FIG. 10 illustrates a fourth example flow' diagram 1000 of the example system 400 of FIG. 4. In the example of FIG. 10, the fourth example flow diagram 1000 includes a user 1002, a merchant and/or service provider 1004, a biometric tokenization service 412, a network service provider 1010, a token service 1014, and a card on file 1016. The user 1002, the merchant and/or service provider 1004, the payment network 1010, and the token service 1014 are similar to user 102, the merchant and/or service provider 104, the payment network 110, the issuer 112, and the token service 114 as described above in FIG. 1. Consequently, redundant description of these components of the fourth example flow diagram 1000 is not repeated.
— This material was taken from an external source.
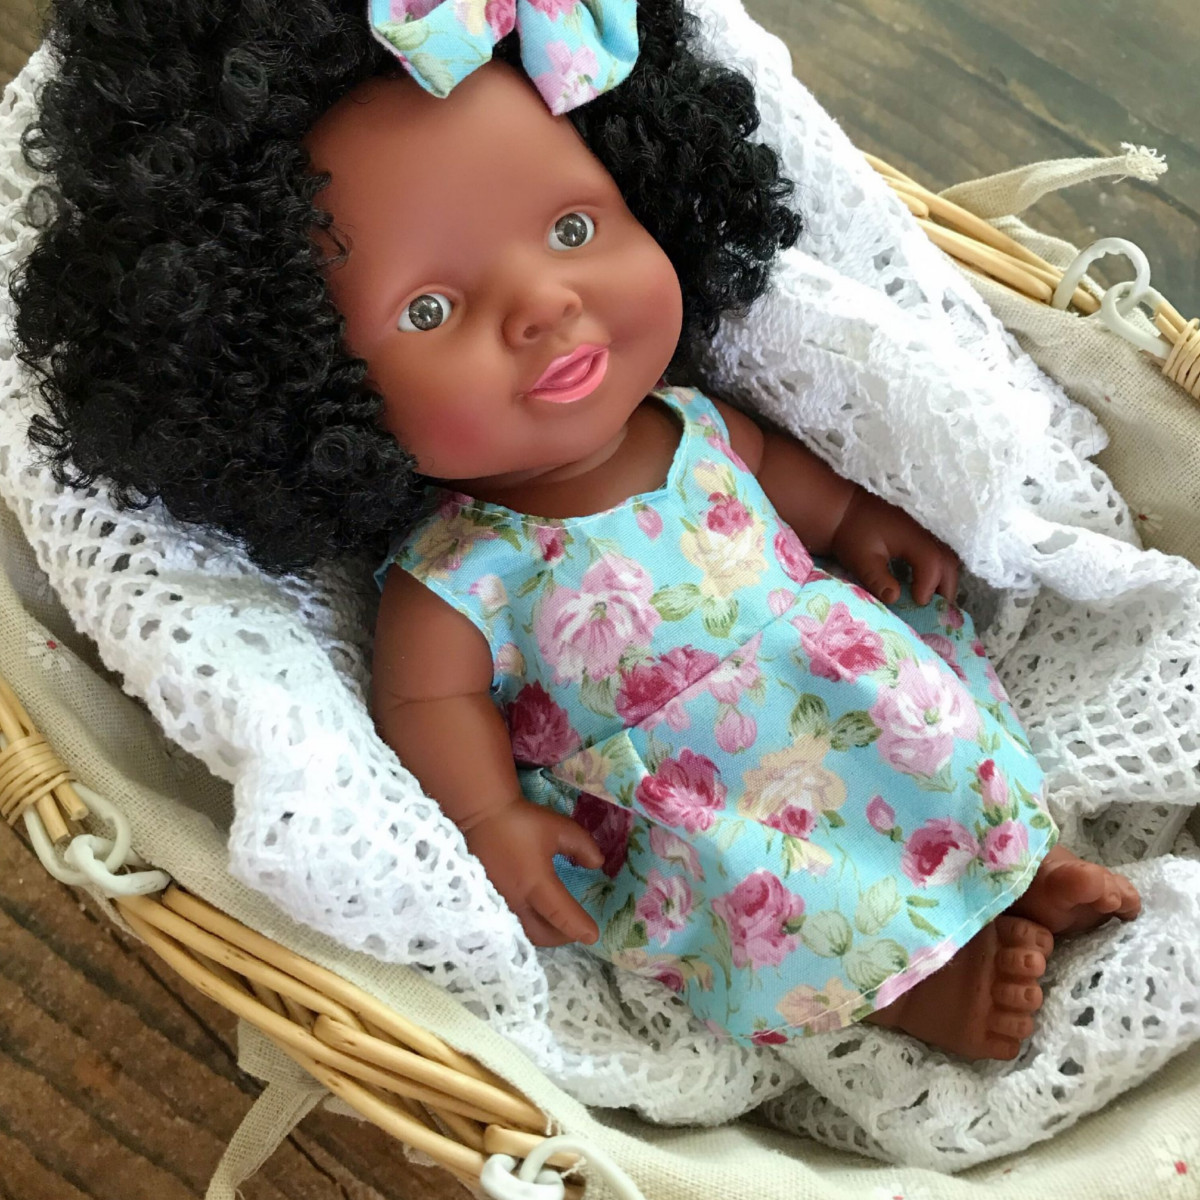 25CM-Cute-Soft-Silicone-Joint-Movable-Lifelike-Realistic-African-Black-Reborn-Baby-Doll-for-Kids-Gif-1733542-9

In the fourth example flow diagram 1000, the payment with the card or the smart device 106 of FIG. 1 is initiated with the biometric tokenization service 412. A biometric token is generated by the electronic processor 406 of the biometric capture device 404 executing the biometric tokenization service 412 as described above in FIG. 4. After generating the biometric token, the biometric tokenization service 412 determines whether the biometric token is unique and whether the biometric token matches a second biometric token stored in the biometric token vault 428. Responsive to matching the biometric token to the second biometric token, the biometric tokenization service 412 generates a relationship identifier based on the merchant ID and the second biometric token. After generating the relationship identifier, the biometric tokenization service 412 transmits the relationship identifier, the merchant ID of the merchant and/or service provider 1004, and the transaction details to the merchant and/or service provider 1004.

T he merchant and/or sendee provider 1004 determines whether a relationship identifier is included with the merchant ID and the transaction details. Responsive to determining that the relationship identifier is included with the merchant ID and the transaction details, the merchant and/or service provider 1004 processes the transaction using the payment information from the customer profile that is associated with the relationship identifier with the issuer 1012 via the network service provider 1010.

In some examples, the payment information from the customer profile may be token-based payment information. In these examples, the merchant and/or service provider 1004 transmits the token-based payment information to the server 418 via the network service provider 1010, where the token-based payment information is processed with the token service 430.

In other examples, the payment information from the customer profile may be an existing personal account number (PAN). In these examples, the merchant and/or service provider 1004 transmits the PAN internally via the network service provider 1010.

Many different arrangements of the various components depicted, as well as components not shown, are possible without departing from the spirit and scope of the present disclosure. Embodiments of the present disclosure have been described with the intent to be illustrative rather than restrictive. Alternative embodiments will become apparent to those skilled in the art that do not depart from its scope. A skilled artisan may develop alternative means of implementing the aforementioned improvements without departing from the scope of the present disclosure, it should thus be noted that the matter contained in the above description or shown in the accompanying drawings is to be interpreted as illustrative and not in a limiting sense.